1. What made you want to be a chemist?
In reality I am a materials scientist, chemists are my ‘cousins’. I chose to become a materials scientist because I could not decide between physics and chemistry, and materials science seemed a good compromise. I am still truly happy for that choice even though as my career has progressed I have drifted more and more towards chemistry.
2. If you weren’t a chemist and could do any other job, what would it be – and why?
Well, I chose science because I felt (and keep feeling) that it was a way to help people around me and develop knowledge that would eventually lead to improved living conditions for everybody. This dream keeps driving me everyday and I would not exchange it for anything else. So if I could not be a scientist I would probably like to be a politician, with the exact same spirit. On the other hand, an old dream of mine is that of being a photographer, one that tells the world with an artistic touch like Henry Cartier-Bresson.
3. How can chemists best contribute to the world at large?
Well, we can all use our talents to improve the way we live in this world, using less and less of its resources and we could all mitigate the toughness that illness and pain bring to life. A far dream is to use science to limit the divide between rich and poor countries. In a world in which technology is evenly distributed the difference due to uneven access to natural resources (like water) would be mitigated (I think…).

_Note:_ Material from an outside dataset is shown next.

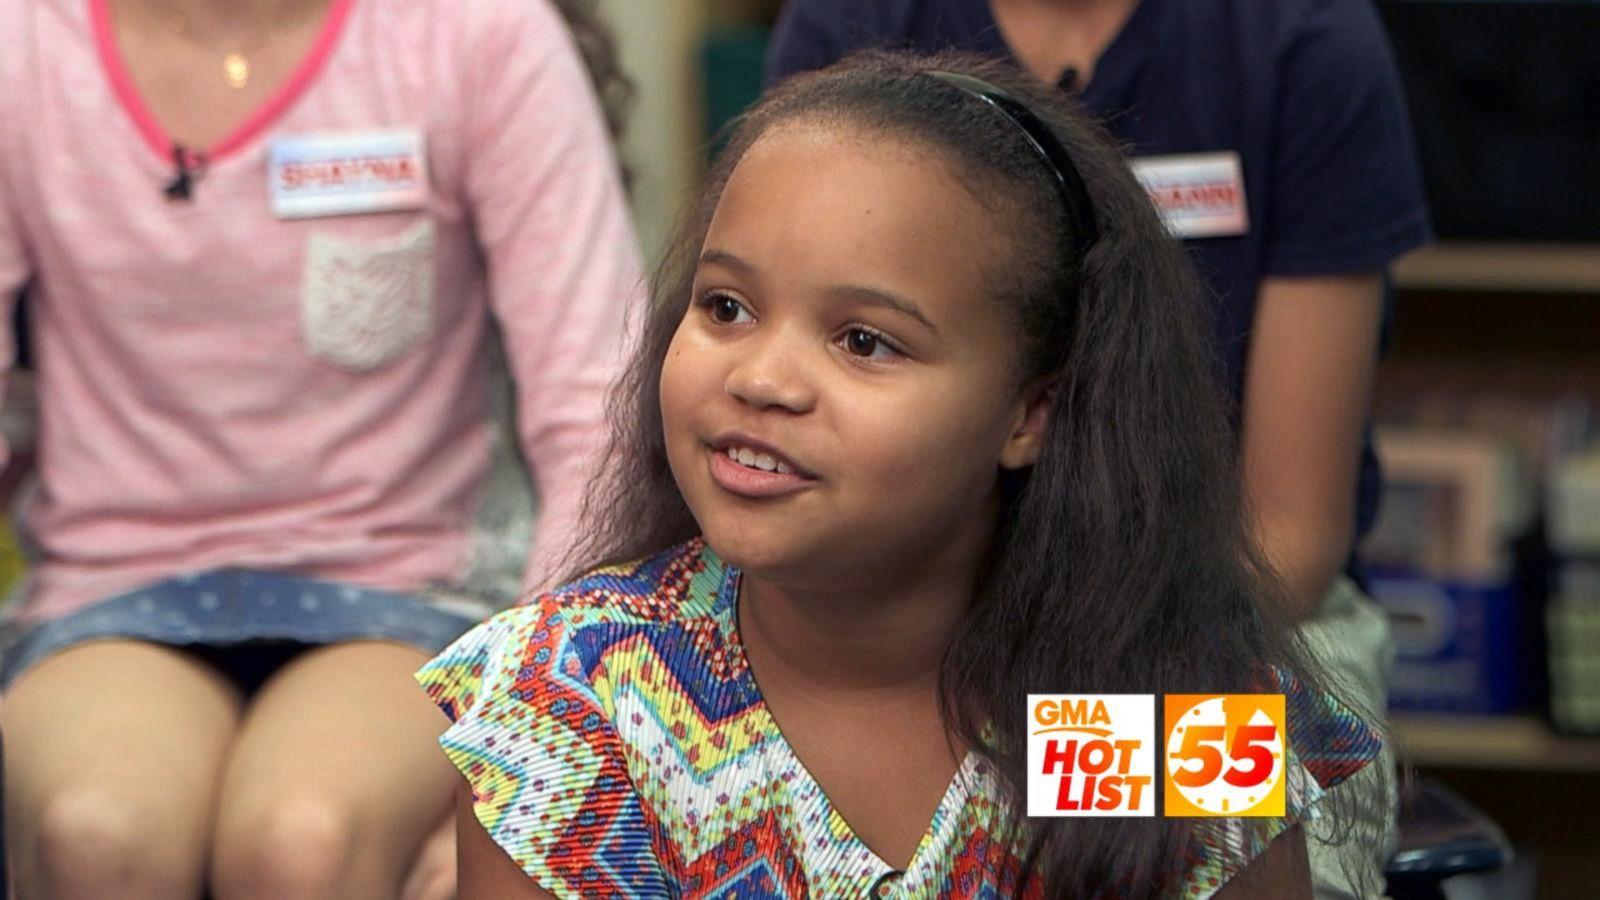 VIDEO: 'GMA' Hot List: Kids Talks Election 2016 and Lady Gaga Live

4. Which historical figure would you most like to have dinner with – and why?
Hum, this is a tough one, do soccer players count? Just kidding…I would definitively like to have dinner with the ones that changed the world when others did not see the need for it. And they did it for the better, with love. So Saint Francis of Assisi and Gandhi would top my list. But if it is only one dinner (too short to exhaust all of my questions…) why not Cleopatra? Just kidding again…
5. When was the last time you did an experiment in the lab – and what was it?
A serious one? I don’t recall…Very, very sad!!! I don’t even remember what my last experiment as a post-doc was. I should, it would be equivalent to the last kiss to a loved one! I do many experiments because I teach a lab class, so the last one would be measuring the size of polymer coils in dilute solutions with DLS. Nothing like the thrill of a true research-oriented experiment.
6. If exiled on a desert island, what one book and one CD would you take with you?
The book would be something I have not fully read but always wanted to finish reading, so the Divina Commedia (Holy Comedy) by Dante Alighieri. The CD would be a Pink Floyd one, really tough to pick one though, I love them all.
Francesco Stellacci is in the Department of Materials Science and Engineering at MIT and works on supramolecular materials science, in particular his interests are in the interactions that supramolecular assemblies of molecules have with the outside world when they have a specific nanostructure.